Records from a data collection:
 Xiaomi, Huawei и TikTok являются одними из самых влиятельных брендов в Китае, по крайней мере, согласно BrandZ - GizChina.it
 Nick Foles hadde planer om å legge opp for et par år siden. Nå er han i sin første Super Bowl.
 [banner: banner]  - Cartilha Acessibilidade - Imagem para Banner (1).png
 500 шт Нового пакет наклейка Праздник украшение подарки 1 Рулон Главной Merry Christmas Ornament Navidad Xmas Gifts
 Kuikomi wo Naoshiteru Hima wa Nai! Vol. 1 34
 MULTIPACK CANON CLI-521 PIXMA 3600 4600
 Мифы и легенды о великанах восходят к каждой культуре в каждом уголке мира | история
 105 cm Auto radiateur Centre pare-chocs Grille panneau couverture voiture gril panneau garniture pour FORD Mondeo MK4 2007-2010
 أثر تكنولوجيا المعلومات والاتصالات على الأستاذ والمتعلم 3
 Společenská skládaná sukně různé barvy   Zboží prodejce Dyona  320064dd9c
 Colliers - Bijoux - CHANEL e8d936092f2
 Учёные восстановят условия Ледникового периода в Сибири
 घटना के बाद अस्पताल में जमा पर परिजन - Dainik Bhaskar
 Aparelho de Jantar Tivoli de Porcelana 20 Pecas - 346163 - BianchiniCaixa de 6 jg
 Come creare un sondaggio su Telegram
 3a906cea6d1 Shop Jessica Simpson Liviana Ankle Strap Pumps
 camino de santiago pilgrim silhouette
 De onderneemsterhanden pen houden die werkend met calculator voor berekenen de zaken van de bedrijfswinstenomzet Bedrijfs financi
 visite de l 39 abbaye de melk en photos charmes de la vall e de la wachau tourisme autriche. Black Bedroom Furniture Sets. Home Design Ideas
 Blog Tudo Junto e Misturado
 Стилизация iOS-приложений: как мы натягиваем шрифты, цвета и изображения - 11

--- What to work on ---
Set down, exactly as they stand above, the lines starting with the line with "Společenská skládaná sukně" and going on through the line with "Blog Tudo Junto e Misturado", and no others.

--- Your solution ---
 Společenská skládaná sukně různé barvy   Zboží prodejce Dyona  320064dd9c
 Colliers - Bijoux - CHANEL e8d936092f2
 Учёные восстановят условия Ледникового периода в Сибири
 घटना के बाद अस्पताल में जमा पर परिजन - Dainik Bhaskar
 Aparelho de Jantar Tivoli de Porcelana 20 Pecas - 346163 - BianchiniCaixa de 6 jg
 Come creare un sondaggio su Telegram
 3a906cea6d1 Shop Jessica Simpson Liviana Ankle Strap Pumps
 camino de santiago pilgrim silhouette
 De onderneemsterhanden pen houden die werkend met calculator voor berekenen de zaken van de bedrijfswinstenomzet Bedrijfs financi
 visite de l 39 abbaye de melk en photos charmes de la vall e de la wachau tourisme autriche. Black Bedroom Furniture Sets. Home Design Ideas
 Blog Tudo Junto e Misturado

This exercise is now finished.